Andrebbe chiesto anche ad artisti italiani come Achille Lauro o Rosa Chemical cosa George Michael ha rappresentato per loro. Il genitore 1 del queer europeo, mondiale.
Una di quelle star senza tempo, che ha pagato dazio abbastanza alla censura sessuofobica degli anni ’80. Come Freddie Mercury, David Bowie, Elton John, Boy George. Ha giocato con il corpo, con il sesso, ha sconvolto, ha attirato censure da TV, radio.
Oggi la stella degli Wham! avrebbe compiuto 60 anni e il 5 luglio è in arrivo il documentario – Wham! su Netflix – sulla genesi del fantastico duo dai capelli cotonati e voci all’olio di oliva che hanno conquistato il mondo.

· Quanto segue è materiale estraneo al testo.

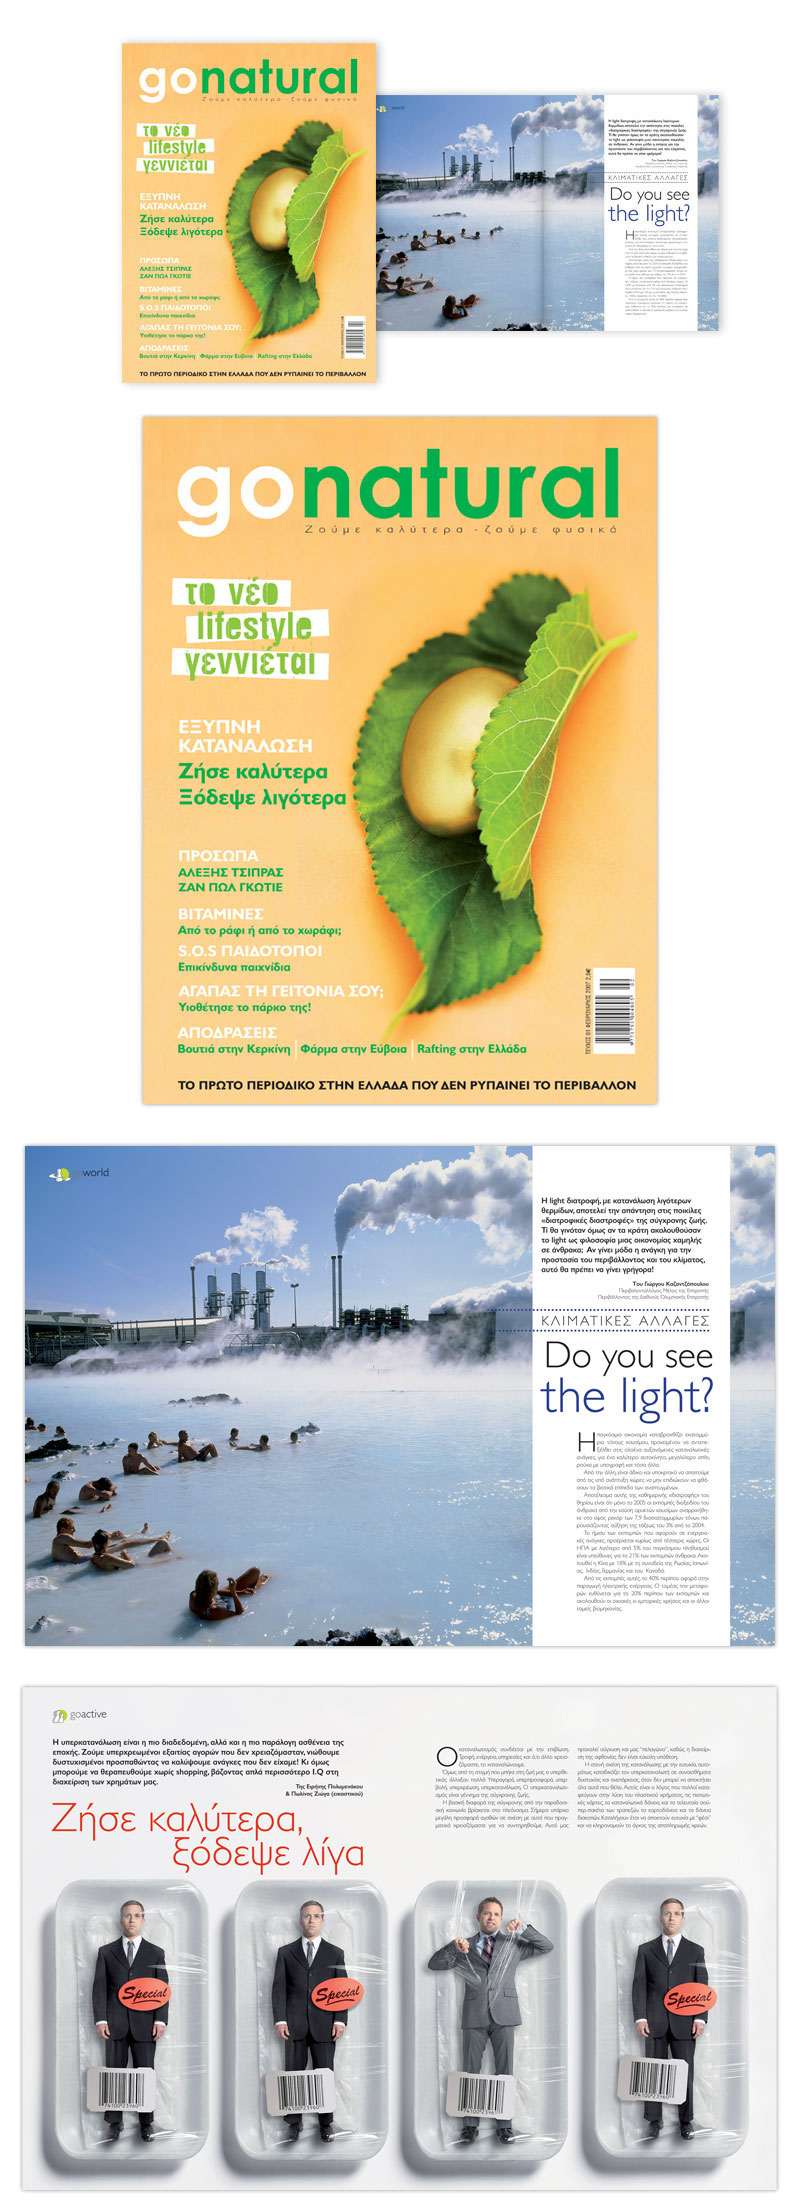 GoNatural_magazine1

Ma oltre alla lotta per i diritti Lgbt, oltre all’impegno contro l’Aids, che era stato intenso, nonostante i singoli di Michael, a partire dal primo nell’era post Wham! “i Want Your Sex” fosse un chiaro invito all’amore mordi e fuggi (bandito dalla BBC) mentre l’Hiv si moltiplicava, oltre al suo coming out ritardato negli anni ed estremamente sofferto, Michael era uno straordinario artista.
Un talento unico, capace di mischiare generi e di produrre forse il livello più alto del pop. Una voce potente, una presenza scenica da frontman di un gruppo rock anni ’70, una popstar globale. Un intreccio di musica e moda, di fluidità sessuale, di talento spaziale. Centoventi milioni di dischi venduti non rendono bene l’idea della sua eredità musicale sulle generazioni successive.
Un fenomeno della corposa lista di quelli morti davvero troppo presto, a 53 anni, quando la maturità artistica produce ancora capolavori.